### Exercise description
Your task is to find every line of the listing that includes "Stock" and copy it.

>>>>

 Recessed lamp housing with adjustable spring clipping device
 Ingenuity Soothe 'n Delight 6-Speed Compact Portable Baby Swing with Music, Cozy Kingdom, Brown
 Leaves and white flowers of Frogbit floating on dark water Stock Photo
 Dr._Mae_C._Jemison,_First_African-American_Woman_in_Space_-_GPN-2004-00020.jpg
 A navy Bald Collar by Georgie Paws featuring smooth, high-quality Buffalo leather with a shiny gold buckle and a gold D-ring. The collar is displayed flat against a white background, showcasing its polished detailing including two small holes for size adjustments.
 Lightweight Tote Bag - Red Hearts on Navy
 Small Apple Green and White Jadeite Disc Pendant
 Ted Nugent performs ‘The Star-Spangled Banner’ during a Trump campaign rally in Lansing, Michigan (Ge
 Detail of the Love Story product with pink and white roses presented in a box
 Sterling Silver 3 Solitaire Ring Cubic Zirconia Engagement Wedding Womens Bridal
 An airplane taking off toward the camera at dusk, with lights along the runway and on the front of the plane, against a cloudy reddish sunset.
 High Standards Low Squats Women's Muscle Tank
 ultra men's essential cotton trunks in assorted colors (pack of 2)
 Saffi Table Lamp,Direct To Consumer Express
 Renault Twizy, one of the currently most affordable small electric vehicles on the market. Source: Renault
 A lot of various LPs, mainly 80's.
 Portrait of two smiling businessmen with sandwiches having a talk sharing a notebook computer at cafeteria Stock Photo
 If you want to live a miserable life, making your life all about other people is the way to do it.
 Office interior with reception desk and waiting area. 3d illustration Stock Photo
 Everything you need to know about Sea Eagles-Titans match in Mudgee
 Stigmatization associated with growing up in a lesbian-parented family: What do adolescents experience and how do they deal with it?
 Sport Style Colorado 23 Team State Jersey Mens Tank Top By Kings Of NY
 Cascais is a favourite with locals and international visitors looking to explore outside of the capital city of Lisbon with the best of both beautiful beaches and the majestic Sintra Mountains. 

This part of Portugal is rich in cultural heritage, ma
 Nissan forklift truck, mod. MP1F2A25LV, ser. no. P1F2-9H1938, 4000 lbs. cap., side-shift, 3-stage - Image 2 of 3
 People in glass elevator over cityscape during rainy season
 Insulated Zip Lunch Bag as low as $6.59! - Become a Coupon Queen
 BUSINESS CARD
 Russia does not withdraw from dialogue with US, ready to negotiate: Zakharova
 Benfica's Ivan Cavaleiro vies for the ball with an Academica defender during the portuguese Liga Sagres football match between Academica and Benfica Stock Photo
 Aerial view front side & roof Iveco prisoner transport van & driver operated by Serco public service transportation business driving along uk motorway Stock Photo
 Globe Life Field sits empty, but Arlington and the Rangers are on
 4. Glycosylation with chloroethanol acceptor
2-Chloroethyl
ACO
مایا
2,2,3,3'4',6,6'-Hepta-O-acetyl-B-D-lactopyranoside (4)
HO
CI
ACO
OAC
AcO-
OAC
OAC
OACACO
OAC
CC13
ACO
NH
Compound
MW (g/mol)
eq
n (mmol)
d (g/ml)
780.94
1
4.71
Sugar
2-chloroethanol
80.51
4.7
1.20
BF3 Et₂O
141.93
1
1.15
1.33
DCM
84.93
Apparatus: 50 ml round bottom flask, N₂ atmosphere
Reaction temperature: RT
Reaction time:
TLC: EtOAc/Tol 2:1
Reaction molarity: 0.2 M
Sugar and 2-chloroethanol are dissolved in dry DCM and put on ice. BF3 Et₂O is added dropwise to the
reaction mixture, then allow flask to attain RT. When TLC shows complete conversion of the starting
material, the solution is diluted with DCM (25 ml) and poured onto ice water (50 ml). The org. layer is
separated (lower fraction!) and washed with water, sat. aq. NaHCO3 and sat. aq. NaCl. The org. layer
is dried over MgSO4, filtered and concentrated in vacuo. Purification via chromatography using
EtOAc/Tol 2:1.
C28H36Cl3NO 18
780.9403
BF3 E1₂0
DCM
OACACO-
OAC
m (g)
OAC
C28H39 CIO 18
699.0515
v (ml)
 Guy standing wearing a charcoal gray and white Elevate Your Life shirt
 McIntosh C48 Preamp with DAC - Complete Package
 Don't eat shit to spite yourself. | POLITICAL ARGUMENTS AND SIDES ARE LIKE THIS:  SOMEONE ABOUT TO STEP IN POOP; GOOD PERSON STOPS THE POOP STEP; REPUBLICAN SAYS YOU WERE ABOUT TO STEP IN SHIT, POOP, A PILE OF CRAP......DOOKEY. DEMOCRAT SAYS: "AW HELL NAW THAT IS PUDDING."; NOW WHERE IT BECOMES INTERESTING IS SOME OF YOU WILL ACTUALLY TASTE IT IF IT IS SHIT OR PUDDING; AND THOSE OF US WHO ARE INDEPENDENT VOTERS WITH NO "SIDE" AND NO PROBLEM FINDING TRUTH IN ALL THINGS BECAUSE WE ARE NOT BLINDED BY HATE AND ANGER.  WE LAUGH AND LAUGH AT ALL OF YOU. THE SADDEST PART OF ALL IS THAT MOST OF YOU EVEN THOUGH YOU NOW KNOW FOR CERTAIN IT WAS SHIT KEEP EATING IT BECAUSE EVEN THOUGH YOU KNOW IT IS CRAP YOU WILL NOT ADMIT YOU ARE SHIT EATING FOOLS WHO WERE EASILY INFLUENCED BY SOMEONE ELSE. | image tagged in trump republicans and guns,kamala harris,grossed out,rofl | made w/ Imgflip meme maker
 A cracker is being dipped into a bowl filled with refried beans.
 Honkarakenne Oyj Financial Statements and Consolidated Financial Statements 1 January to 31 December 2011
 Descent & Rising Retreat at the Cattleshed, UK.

<<<<

### Exercise response
 Leaves and white flowers of Frogbit floating on dark water Stock Photo
 Portrait of two smiling businessmen with sandwiches having a talk sharing a notebook computer at cafeteria Stock Photo
 Office interior with reception desk and waiting area. 3d illustration Stock Photo
 Benfica's Ivan Cavaleiro vies for the ball with an Academica defender during the portuguese Liga Sagres football match between Academica and Benfica Stock Photo
 Aerial view front side & roof Iveco prisoner transport van & driver operated by Serco public service transportation business driving along uk motorway Stock Photo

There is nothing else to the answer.